Für die Herausbildung der deutschen Literatursprache ist die Übersetzungstätigkeit Luthers von großer Bedeutung, vor allem seine Bibelübersetzung. Luther ist nicht der erste, der die Bibel ins Deutsche übersetzt, aber erst seine Übersetzung wird in weiten Kreisen der Bevölkerung populär. Die Verbreitung seiner Bibel und anderer Schriften über alle deutsche Länder fördert die Durchsetzung einer überdialektalen verhältnismäßig normalisierten deutschen Sprache in ganz Deutschland.

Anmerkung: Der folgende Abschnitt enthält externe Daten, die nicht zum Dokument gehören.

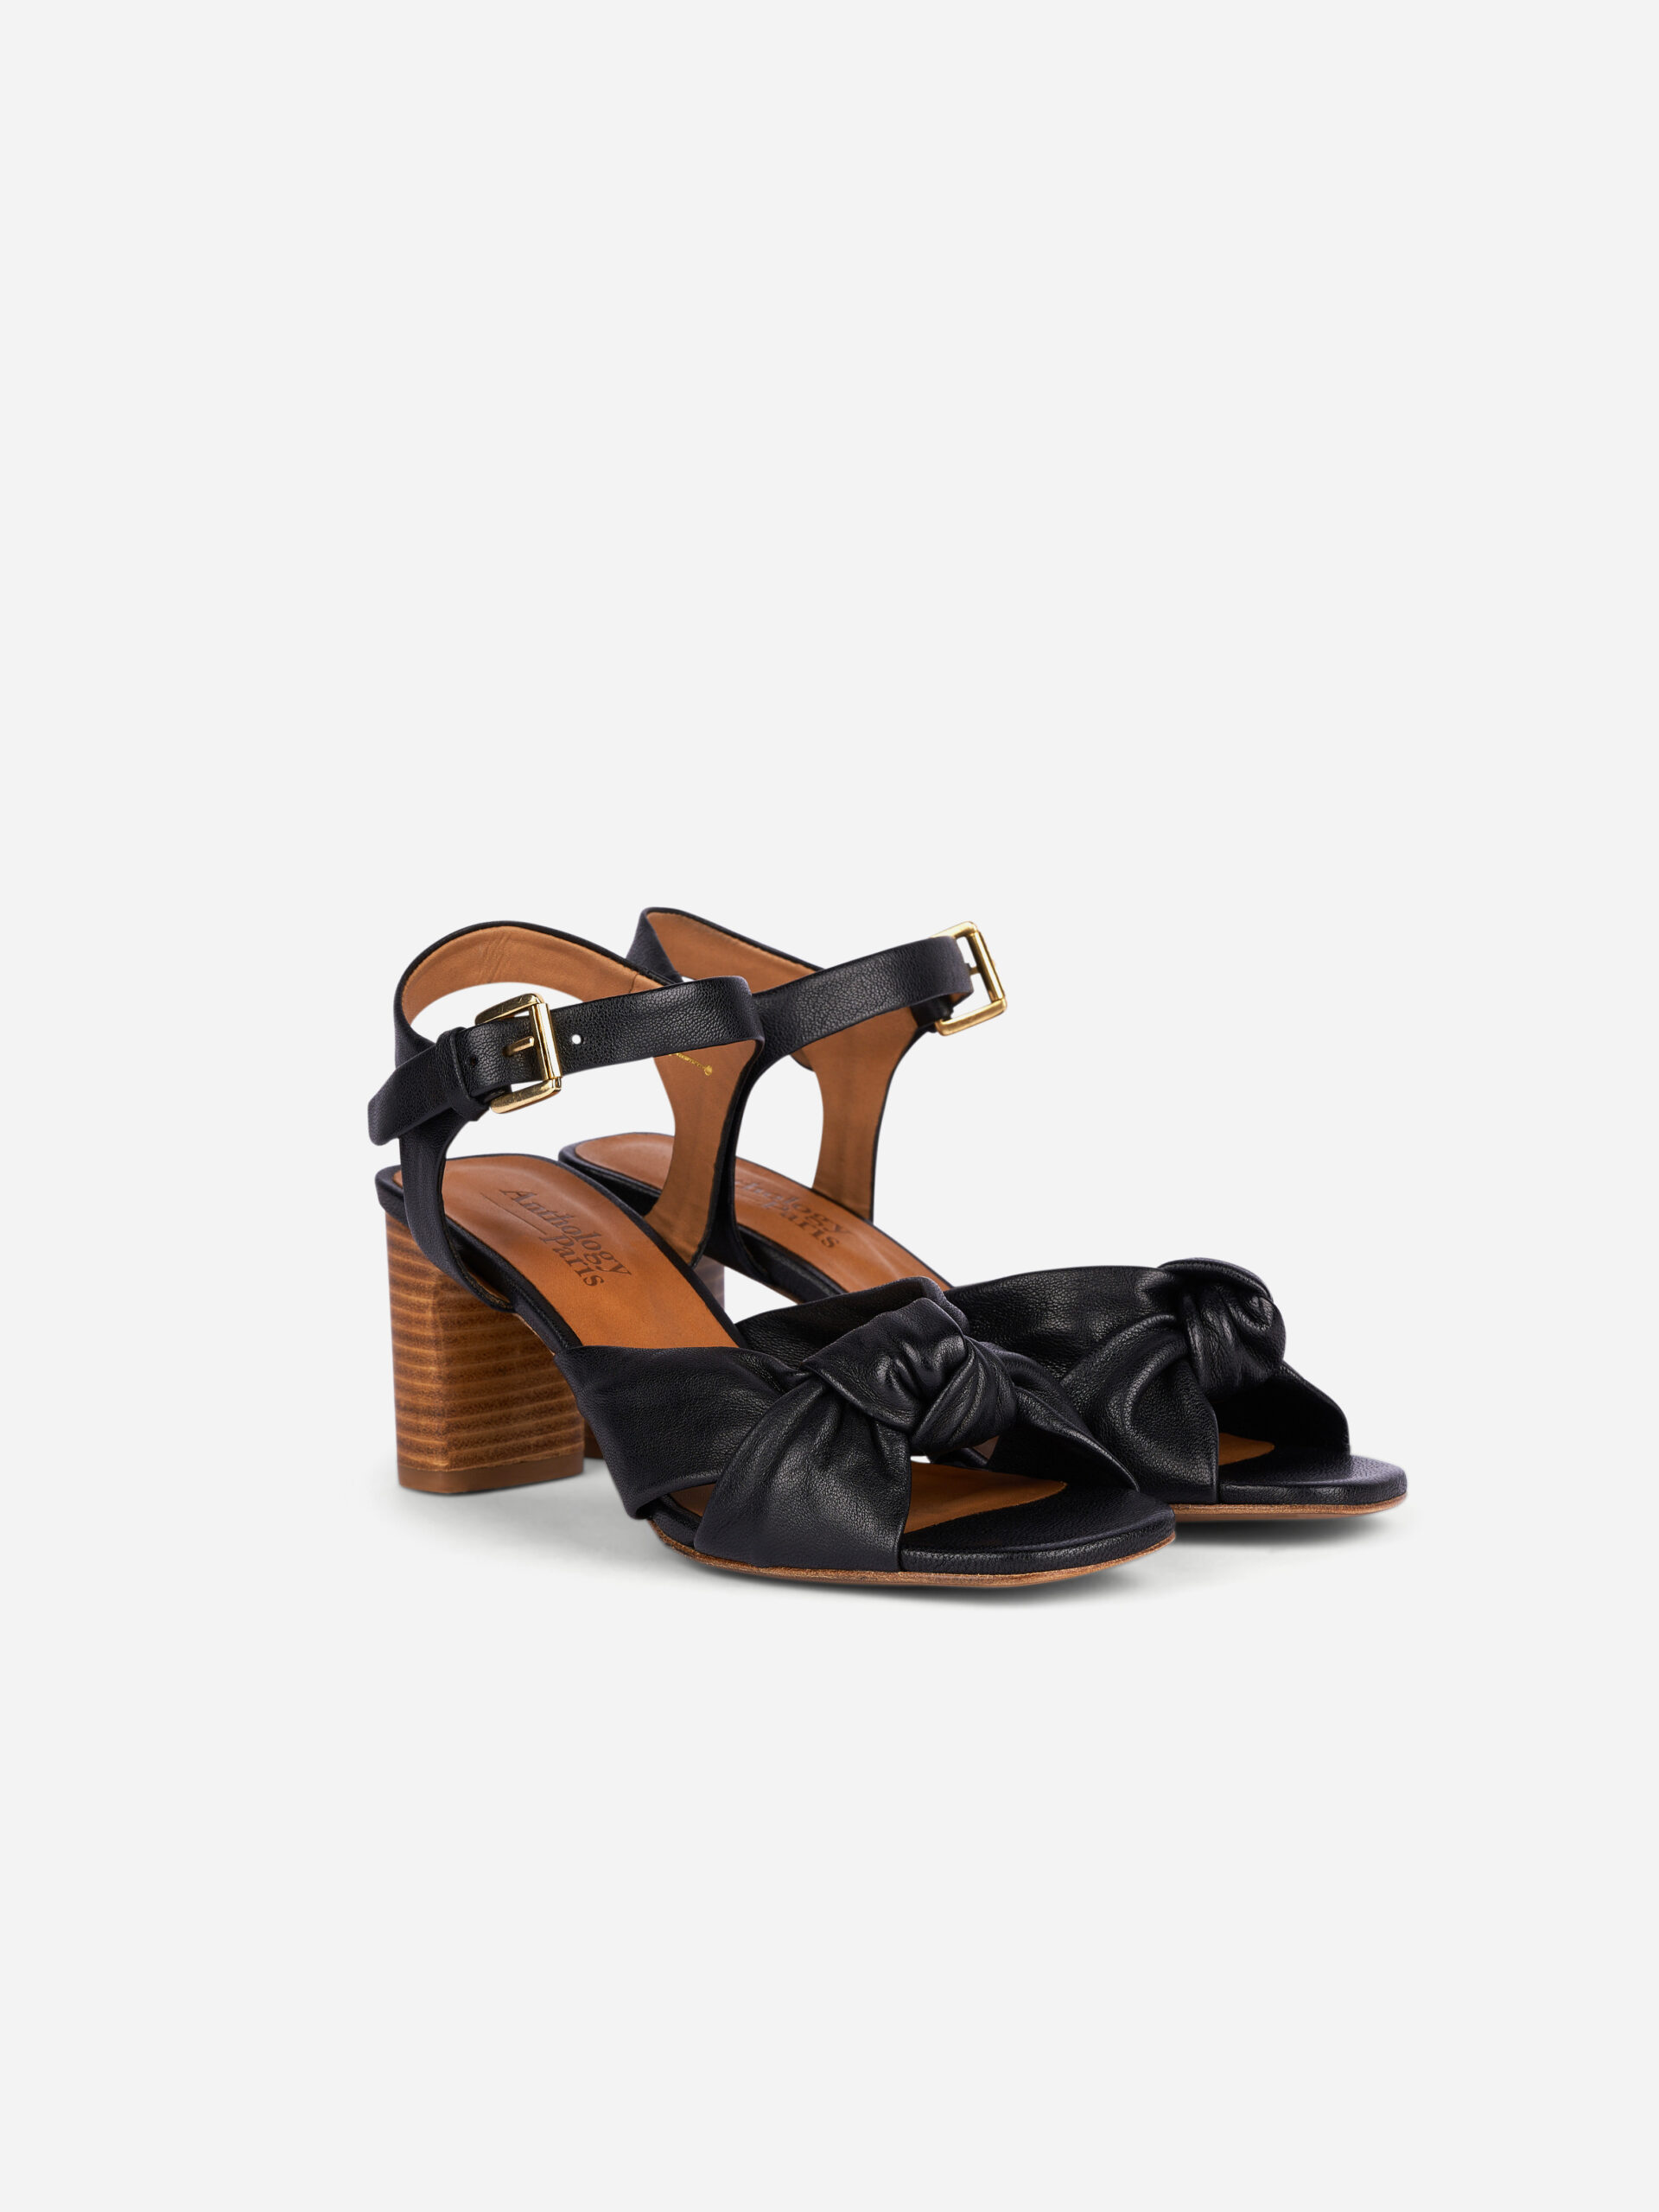 YELENA_BOMBER NOIR_black-leather-heels-sandals-anthology-matchboxathens
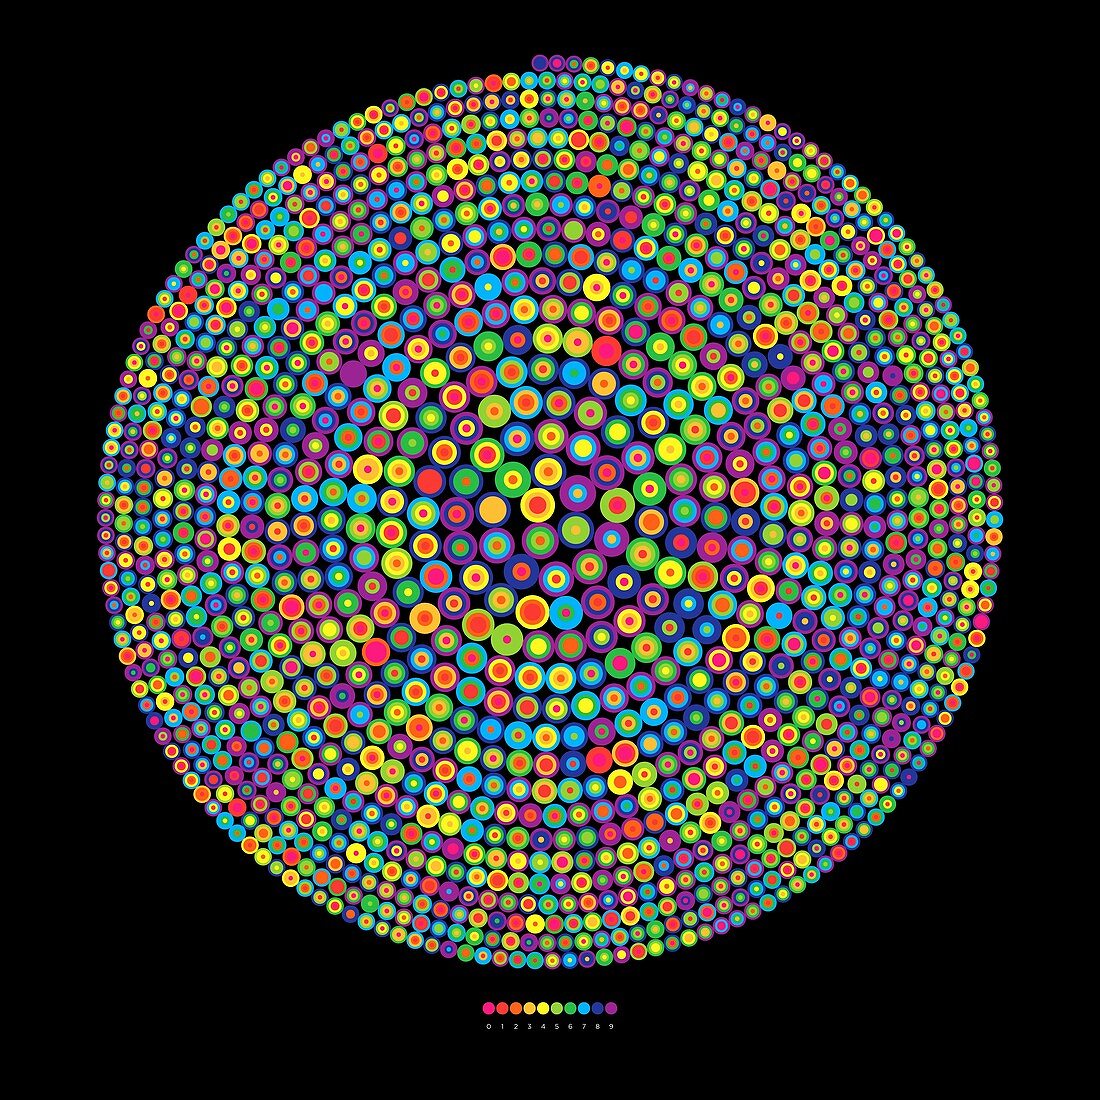 Pi frequency distribution representation, illustration

In der frühneuhochdeutschen Zeit gibt es jedoch noch keine einheitliche nationale Literatursprache, sondern in verschiedenen Regionen entwickeln sich die sog. übermundartlichen Literatursprachen: Mittelniederdeutsch (auf der Grundlage des Niedersächsischen, die Geschäftssprache der Stadt Lübeck), Mittelniederländisch (auf der Grundlage des

Niederfränkischen, in Flandern und Brabant), Ostmitteldeutsch (in Obersachsen, Thüringen, Schlesien, Lausitz, Böhmen), das Gemeine

Deutsch (in Bayern und Österreich). Mittelniederdeutsch verliert im 16. Jh. seine Bedeutung und wird aus dem schriftlichen Verkehr verdrängt. Mittelniederländisch entwickelt sich wegen der Abspaltung der Niederlande zu einer selbständigen Nationalsprache. Aus den übrigen Literatursprachen entstehen gegen das Ende der frühneuhochdeutschen Zeit drei Varianten der deutschen Literatursprache: Ostmitteldeutsch, Oberdeutsch und Schweizerisch.